¿Qué haría yo, cómo reaccionaría si un día me encontrara encerrada en un laberinto sin salida? Me lo llegué a plantear muchas veces, muchos “días después” de algo horrible. Tras el 11S. Tras el 11M. Tras los atentados de París. Tras la tragedia del Madrid Arena. Y lo volví a pensar el pasado domingo tras el fuego que devoró varias discotecas de Murcia llevándose trece vidas por delante.
Lo llegué a imaginar al observar -en la tele y con la congoja que te provoca un clavo cuando traspasa tu piel- a ese hombre que abría informativos apenas unas horas después del desastre, con las llamas aún humeantes. Era un padre. Un padre convertido en noticia de la noche a la mañana porque su hija, como tantas y tantos veinteañeros en todo el planeta, había decidido salir el sábado con su novio y varios amigos a festejar un cumpleaños. Un padre atrapado, de pronto, en mitad de una telaraña de cámaras y micrófonos; aferrado con una mano a su tripa en un intento vano por contener su respiración agitada y a su teléfono móvil con la otra. Un padre desesperado por la falta de información sobre el paradero de la joven. Un padre amarrado, como los barcos a puerto en plena tempestad, a un audio… al último audio que la chica envió a la familia, a su madre concretamente.
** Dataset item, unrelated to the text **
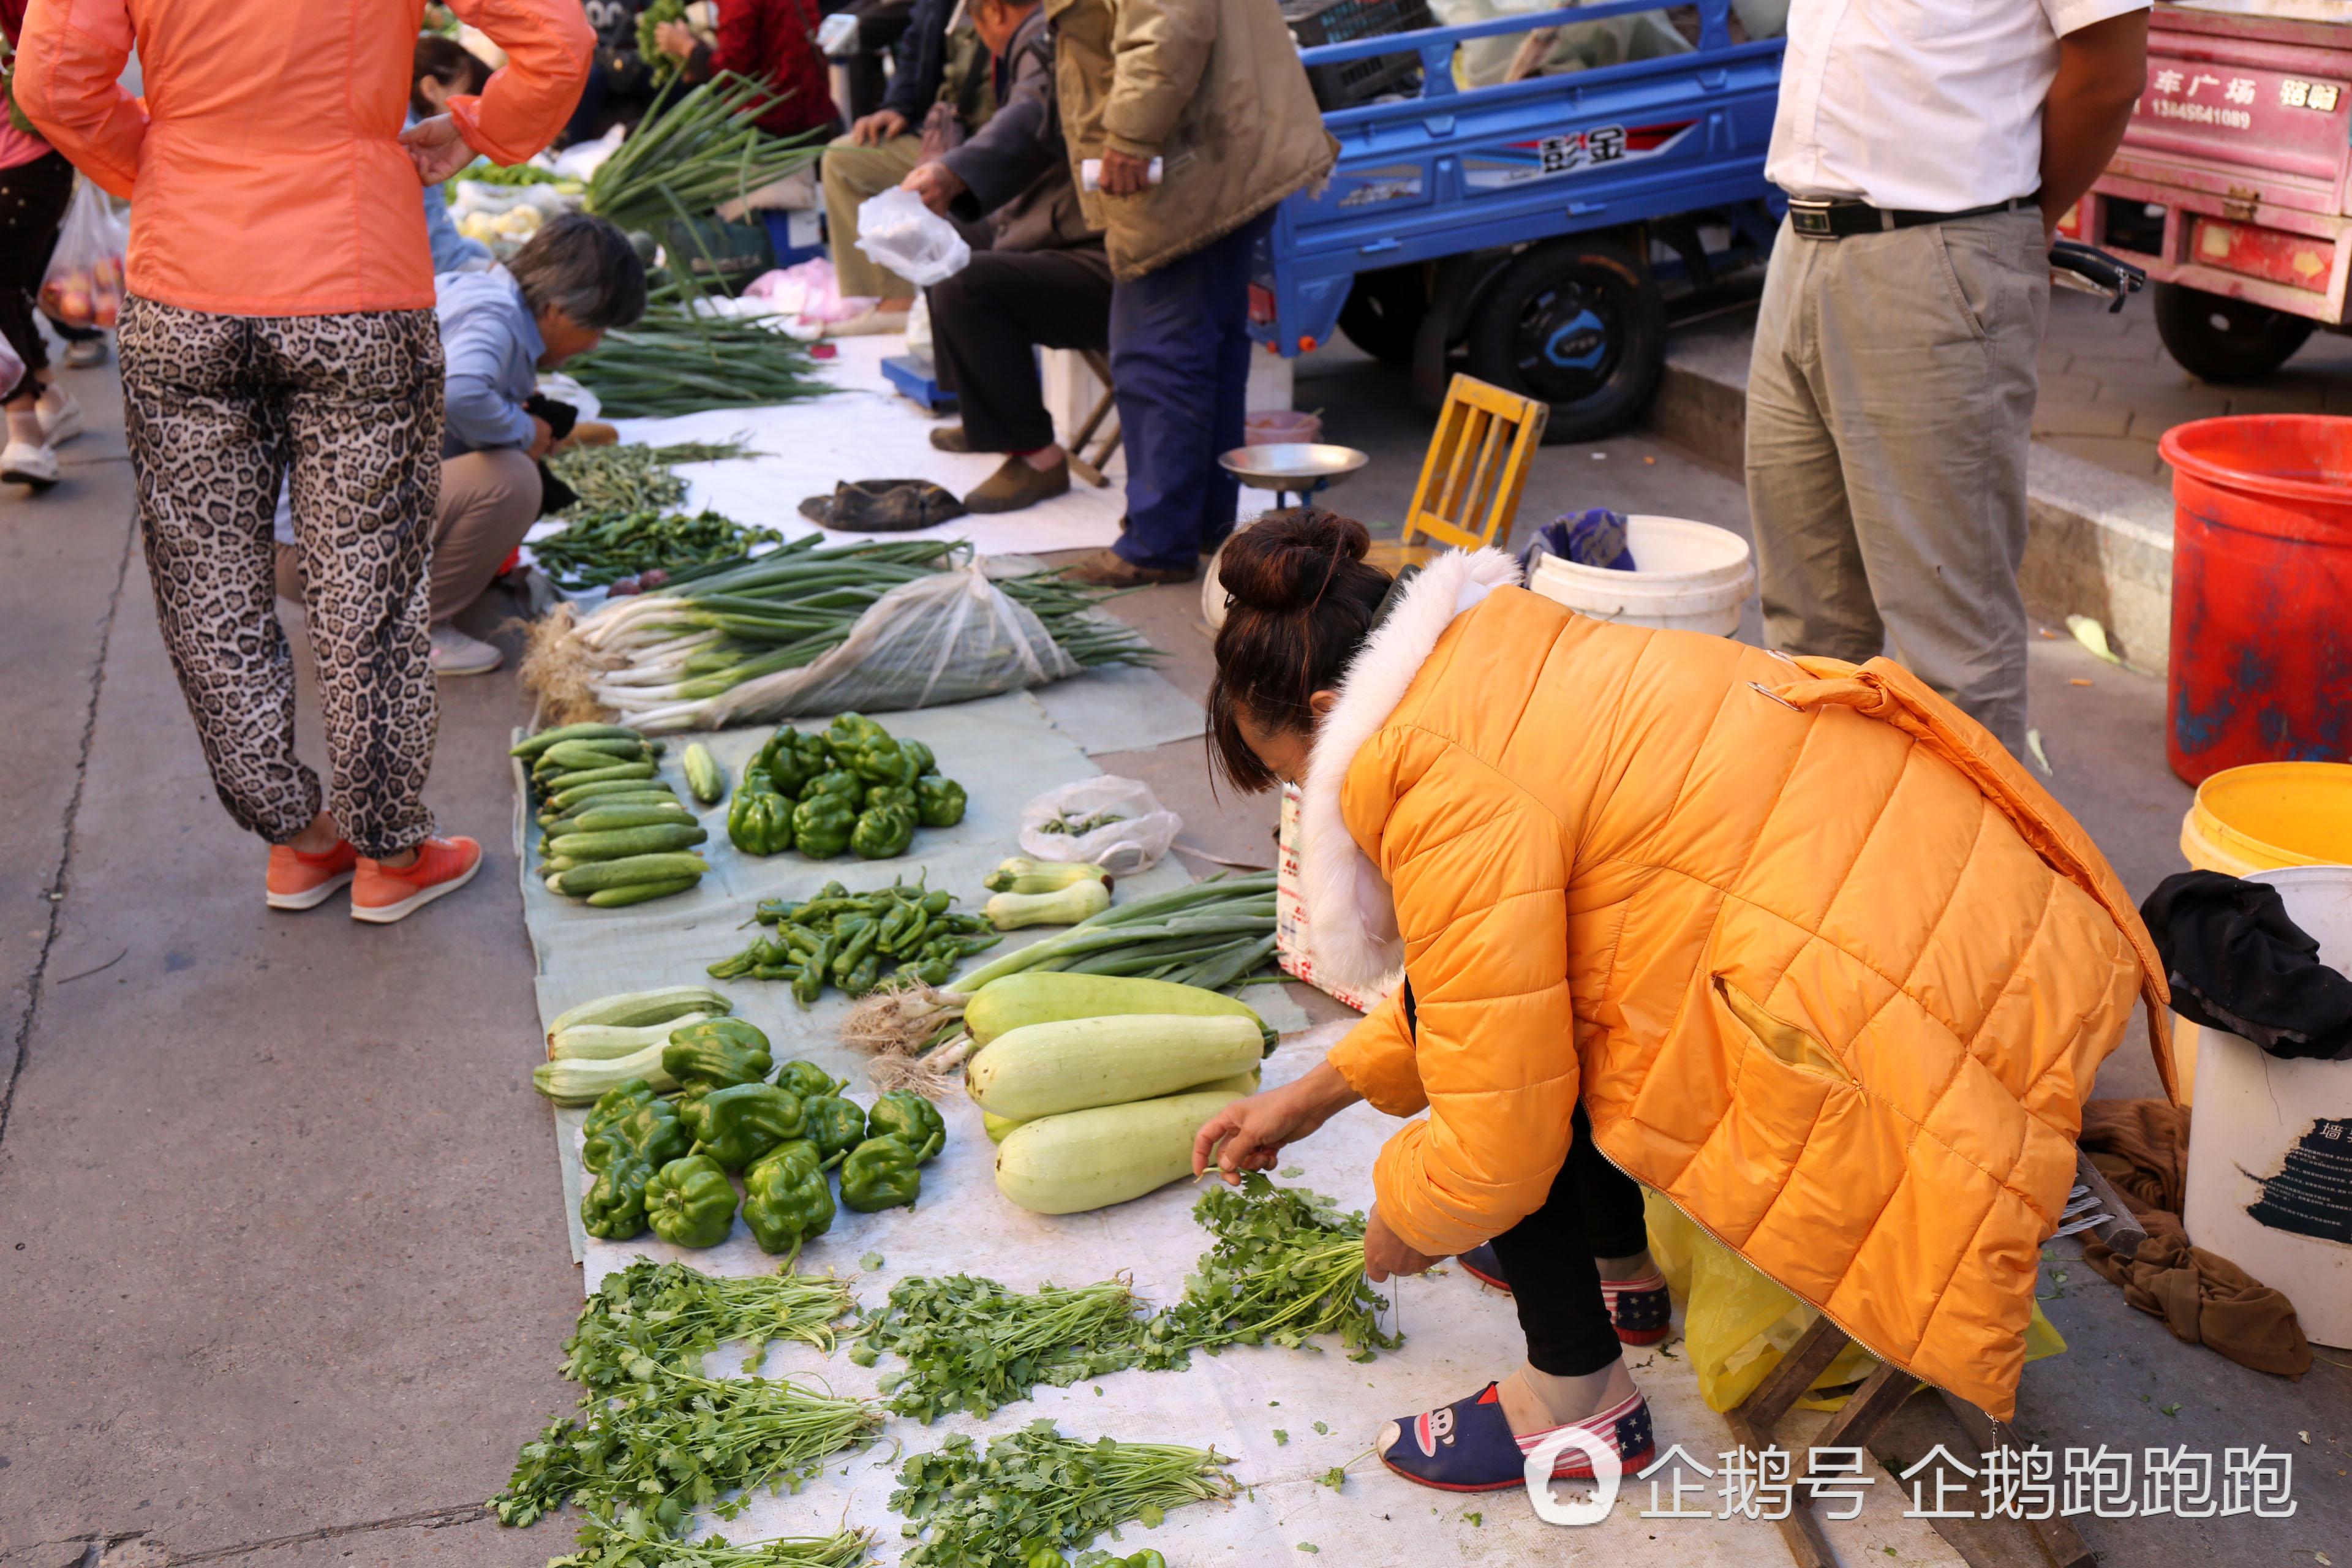 黑龙江的三伏天:人们裹棉被棉袄出行

“Mami la amo. Nos vamos a morir, mami. La amo”. Escuché esa frase desgarradora tantas veces como la repitieron en un canal continuo de noticias. Escuché, también, cómo se colaban de fondo, entre palabra y palabra, los gritos rotos de un hombre pidiendo auxilio: “¡¡¡¡¡que alumbren, que alumbren!!!!”. Aquella grabación era, sin duda, el mejor material para unos periodistas ávidos de carnaza y el peor para un padre, Jairo, ajeno todavía al drama del que estaba siendo protagonista. Él mismo relataba con voz temblorosa cómo en torno a las seis de la madrugada, su mujer recibió ese mensaje en el que la chica narraba su pesadilla: “mi hija le envió un audio a su madre, diciendo lo que le pasaba, despidiéndose y se escuchaban gritos y sin respiración y la gente gritando: ¡dale a la luz, ilumínanos!”. Consternado, el propio Jairo señalaba ante las cámaras el coche en el que había viajado la pandilla a la discoteca. El vehículo seguía allí intacto, muy próximo al local, en el mismo lugar en el que fue aparcado, como si estuviera aguardando a sus dueños para emprender, de nuevo, el camino de regreso a casa.
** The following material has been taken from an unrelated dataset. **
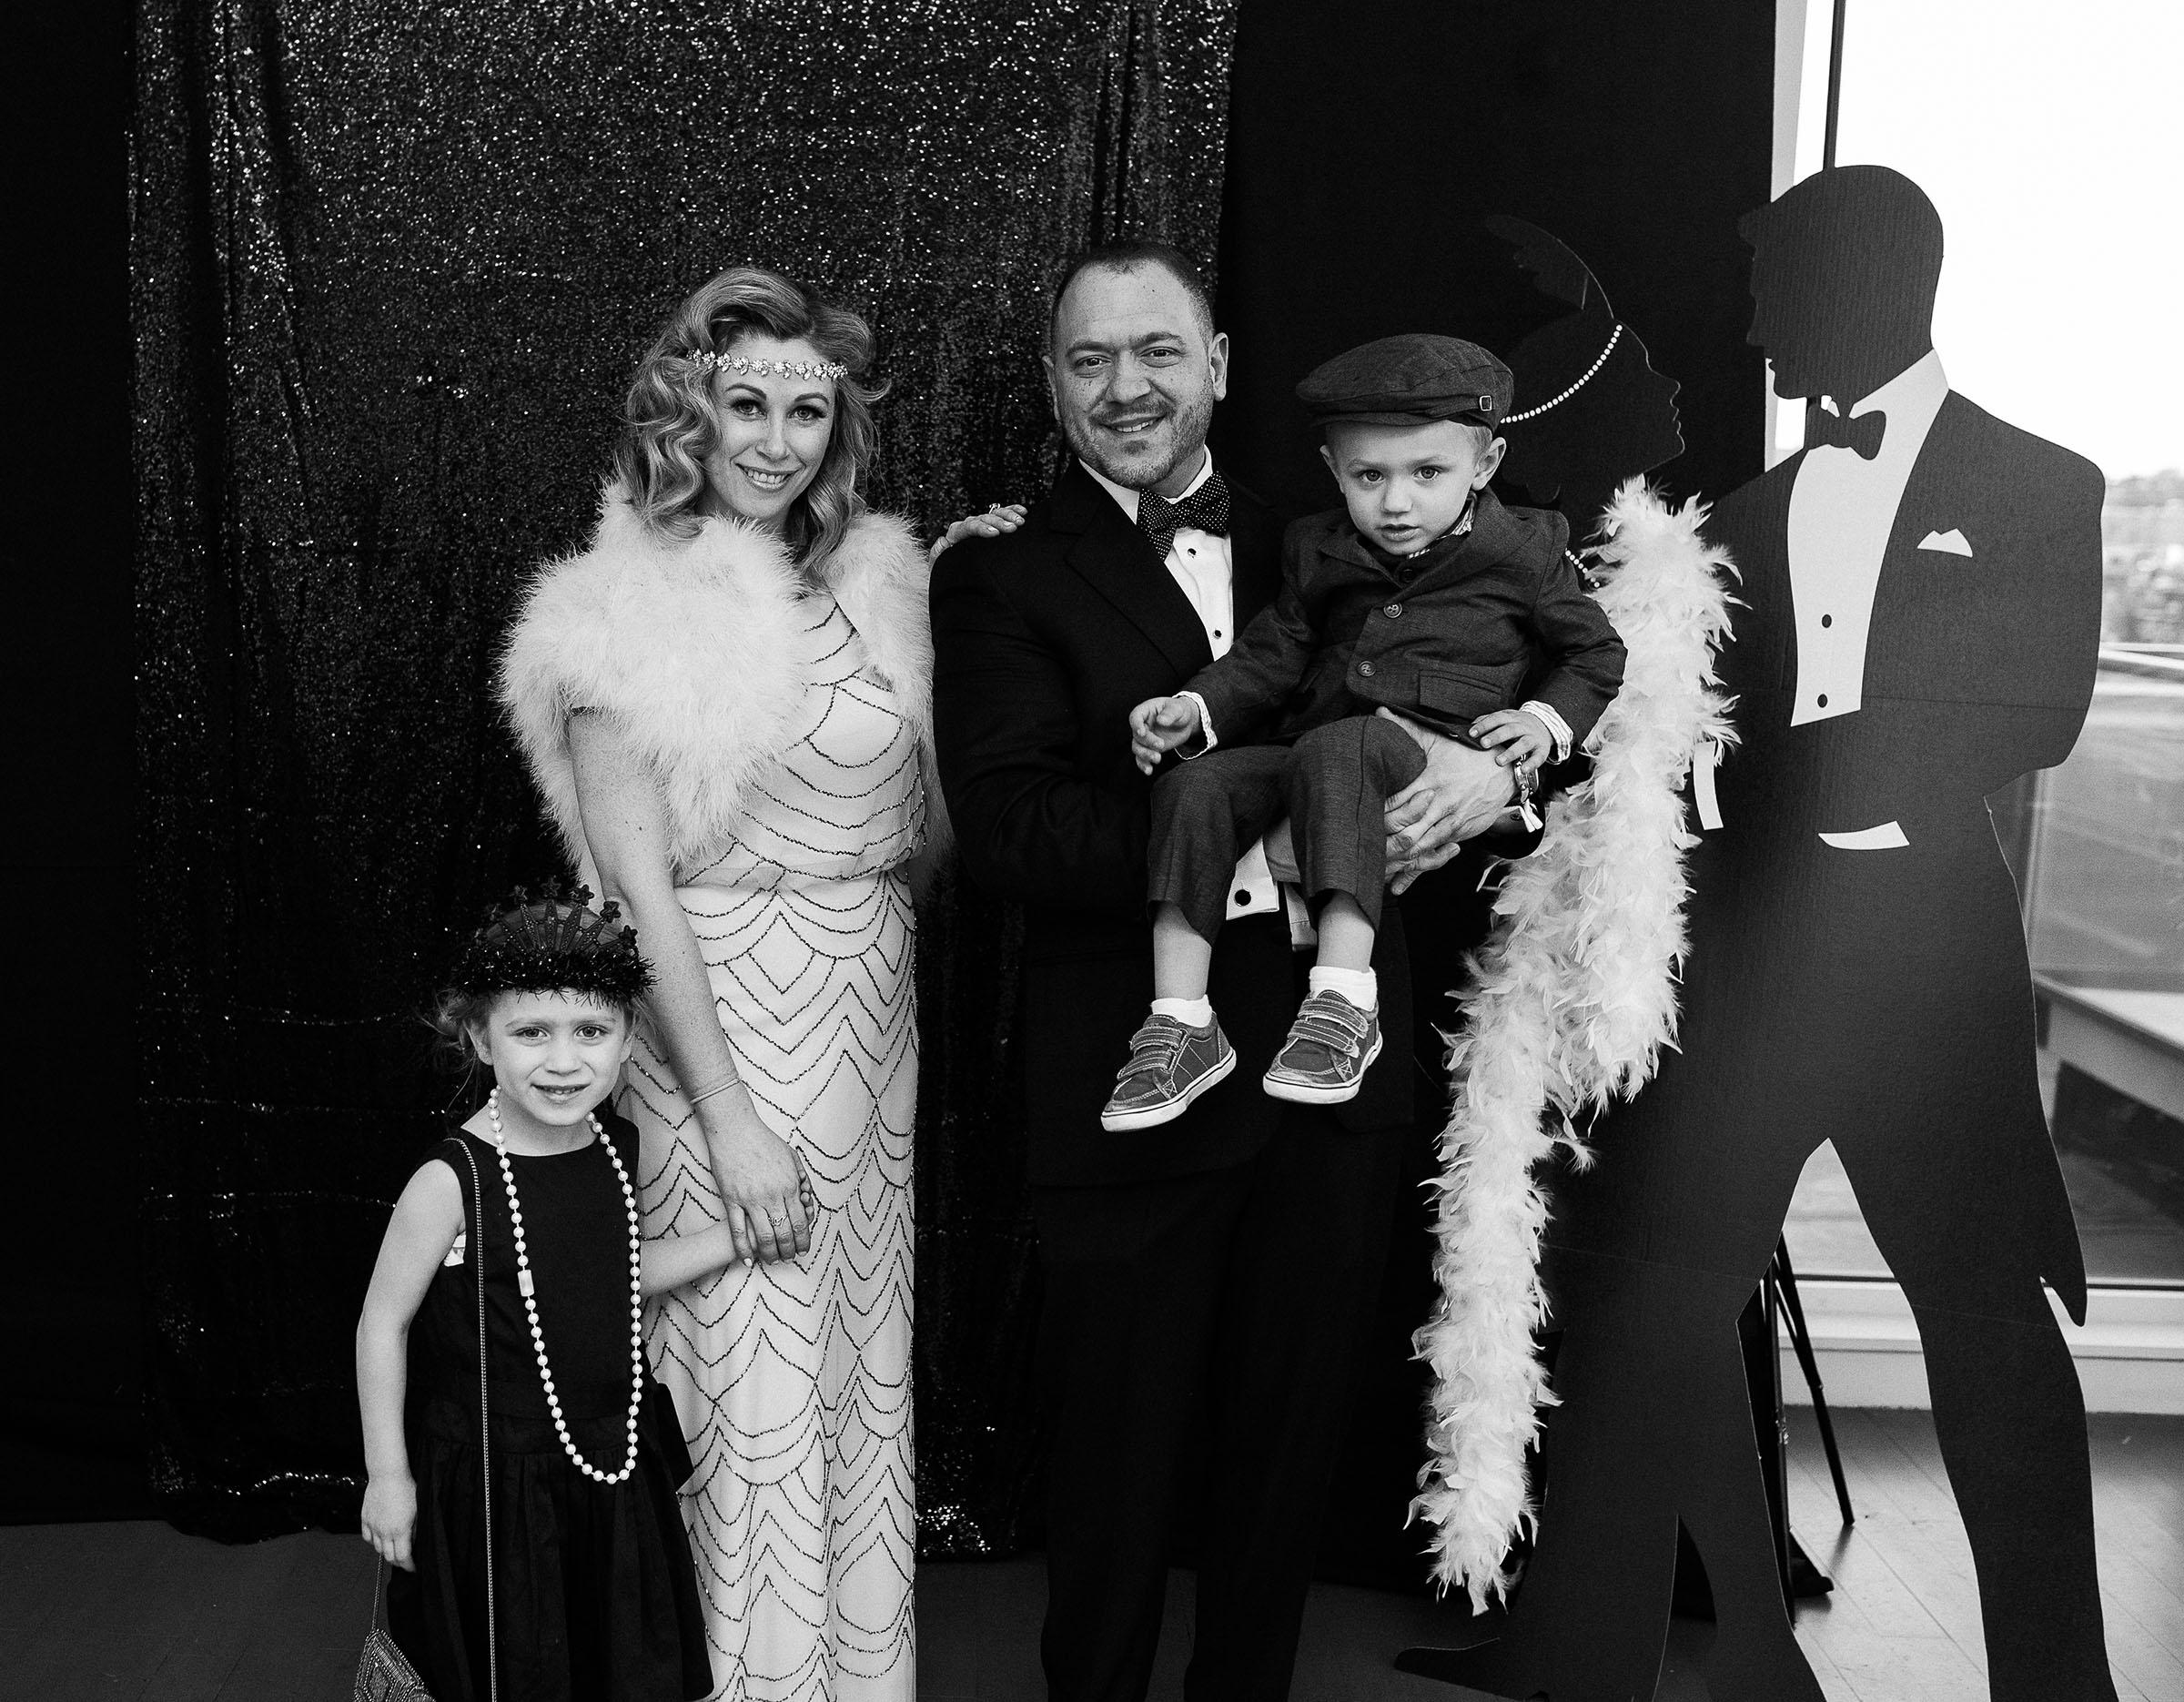 Our Gatsby Attire

Que abras un ojo a medias, accedas al mensaje, le des al play y que la voz de tu hija despidiéndose para siempre rompa la paz que se presupone en el mundo cuando aún la muchedumbre duerme
“Mami la amo. Nos vamos a morir, mami. La amo”. Tiene que ser terrible asimilar que vas a morir de forma inminente, en cuestión de segundos, devorada por el fuego y tener todavía el coraje de atrapar y sostener el teléfono, de buscar un contacto determinado en una agenda interminable, de grabar tu adiós, de decir “te quiero” y de darle, finalmente, al botón de enviar. Tiene que ser terrible hacerlo en mitad de una multitud angustiada por la amenaza de unas llamas deseosas de víctimas para seguir ardiendo. Tiene que ser terrible, también, ponerse en el lugar del destinatario. Que un domingo te despierte del sueño el sonido que anuncia un Whatsapp. Que abras un ojo a medias, accedas al mensaje, le des al play y que la voz de tu hija despidiéndose para siempre rompa la paz que se presupone en el mundo cuando aún la muchedumbre duerme. Tiene que ser terrible sobrellevar el peso de ese audio, replicarlo hasta la saciedad sin que ese gesto aparentemente sencillo vaya a conseguir algo tan complejo como traer a tu niña de vuelta.
¿Qué harías tú si un día te encontraras encerrado en un laberinto sin salida? ¿Enviarías un mensaje de despedida a alguien? ¿A quién? ¿Qué le dirías? Lo he pensado muchas veces cuando el frío acecha y la respuesta nunca es la misma. Ni siquiera sé si existe una respuesta. Hoy de nuevo me hago estas preguntas mientras paseo y mascullo esta columna. Ojalá nunca tenga que verme en esa tesitura, pienso. Huele a hierba recién cortada y camino despacio mirando al cielo, observando cómo el primer sol de la mañana lucha por hacerse un hueco entre las nubes de este otoño estival. Es la vida que suena bien cuando no se está marchando.